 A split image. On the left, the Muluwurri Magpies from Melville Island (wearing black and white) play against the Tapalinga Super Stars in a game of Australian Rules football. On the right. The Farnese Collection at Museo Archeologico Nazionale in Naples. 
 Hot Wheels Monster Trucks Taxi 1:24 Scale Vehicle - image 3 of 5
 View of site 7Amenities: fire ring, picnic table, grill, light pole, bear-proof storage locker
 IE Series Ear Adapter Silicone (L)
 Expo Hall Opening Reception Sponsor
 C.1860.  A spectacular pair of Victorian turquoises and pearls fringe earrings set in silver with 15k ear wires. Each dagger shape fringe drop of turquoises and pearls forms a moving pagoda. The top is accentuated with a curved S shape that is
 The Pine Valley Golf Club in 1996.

_ABOUT THIS EXERCISE_
Exact reproduction is required: output the lines from the start of the entries above through the line with "Expo Hall Opening Reception Sponsor".

_ANSWER BOX_
 A split image. On the left, the Muluwurri Magpies from Melville Island (wearing black and white) play against the Tapalinga Super Stars in a game of Australian Rules football. On the right. The Farnese Collection at Museo Archeologico Nazionale in Naples. 
 Hot Wheels Monster Trucks Taxi 1:24 Scale Vehicle - image 3 of 5
 View of site 7Amenities: fire ring, picnic table, grill, light pole, bear-proof storage locker
 IE Series Ear Adapter Silicone (L)
 Expo Hall Opening Reception Sponsor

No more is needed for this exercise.